What about those films filmed for IMAX screens? What resolution are they? I wait for the day every film is an IMAX film.
Rather than more resolution I would be happy if they just started to increase the framerate of movies. It's always hard to go back to watching motion in a film or tv show when you have just been playing a game at 60fps. It adds a lot to the realism.
Ah! That's a horse of another color. Yes, you'd need A LOT more resolution to faithfully render IMAX, because it's so much bigger than 35mm. The film itself isn't really higher resolution; there's simply more area to capture the image on. Of course, the only reason IMAX needs to be so big is because it's projected onto HUGE screens. An IMAX film mastered in 1080p showing on a 60 or 70 inch set in your living room is going to look every bit as fantastic (albeit not as large).
I agree with this. I'd also say that I don't think this holographic disk will make it anywhere near the retail movie market and will be used more for home computer storage. I say that because the non-technical public will have the chance to download movies of the same quality as those encoded on BD by the time these disks get off their feet. I see this as a Sony minidisk type of short term format.

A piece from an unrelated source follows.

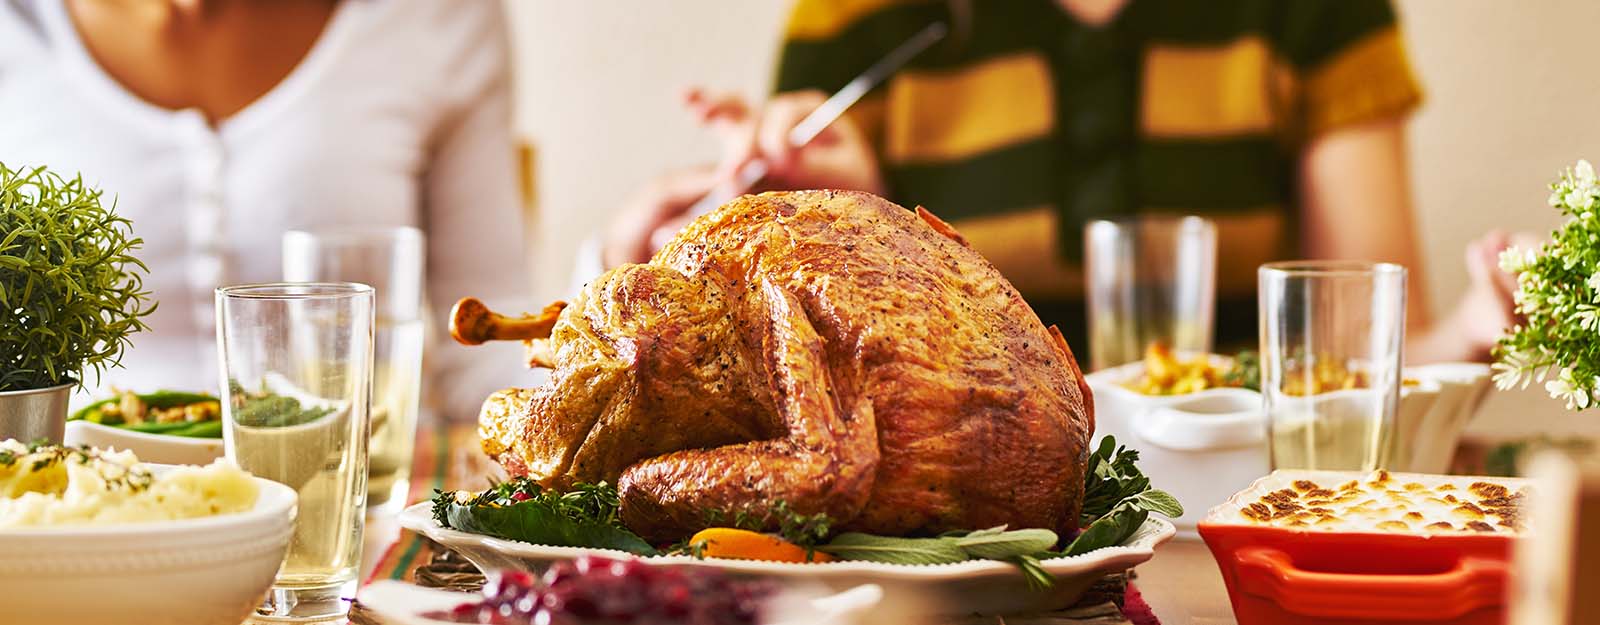 Turkey at dinner table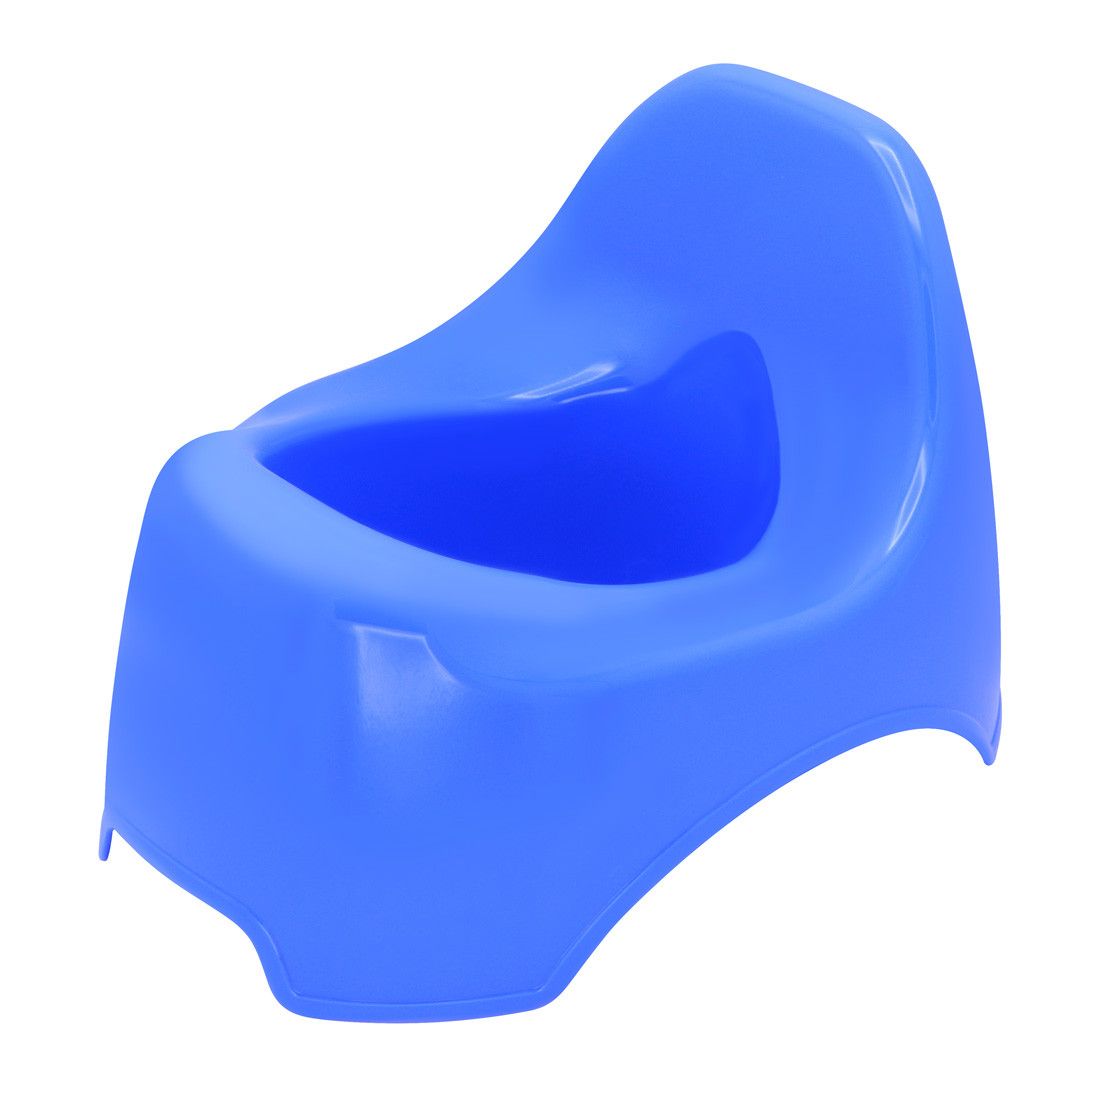 Горщик дитячий пластиковий Горизонт блакитний - купить в магазине Plus-Plus по цене 137 грн.

You'll wait for a long time. IMAX is shot on 70mm film, which gets very expensive while digital gains more and more of a foothold. It requires specialized equipment for the whole process, most of it huge and very impractical. The resolution is impressing, tho. I'd estimate is somewhere around 9000x6500 or something. Of course you'd need your own multi million $ theater to actually enjoy it.
In Vancouver, there is also something called an OMNIMAX. Instead of just a really huge screen an IMAX uses, an OMNIMAX is a half-dome shaped screen. It completely immerses you in the picture. (Well, except for the floor and the people around you.) I am not sure whether an OMNIMAX is on bigger film than IMAX, or they just shoot it with a special lens. In any case, it is quite an experience, and you guys should check it out when you have the chance.
I've heard of that, I always wondered if it looked like you were using a fisheye lens or if it is somehow like normal.
Haven't seen one since maybe Jr. High, in the early 80s. The Science Museum of Minnesota had one. IIRC it looked normal. IIRC.
It looks normal. I've been to one and it is a shitty situation where you crane your neck all around to see what is behind you, above you, etc. They suck. Regular curved IMAX is better... still goes as wide as your peripheral vision and isn't so distracting.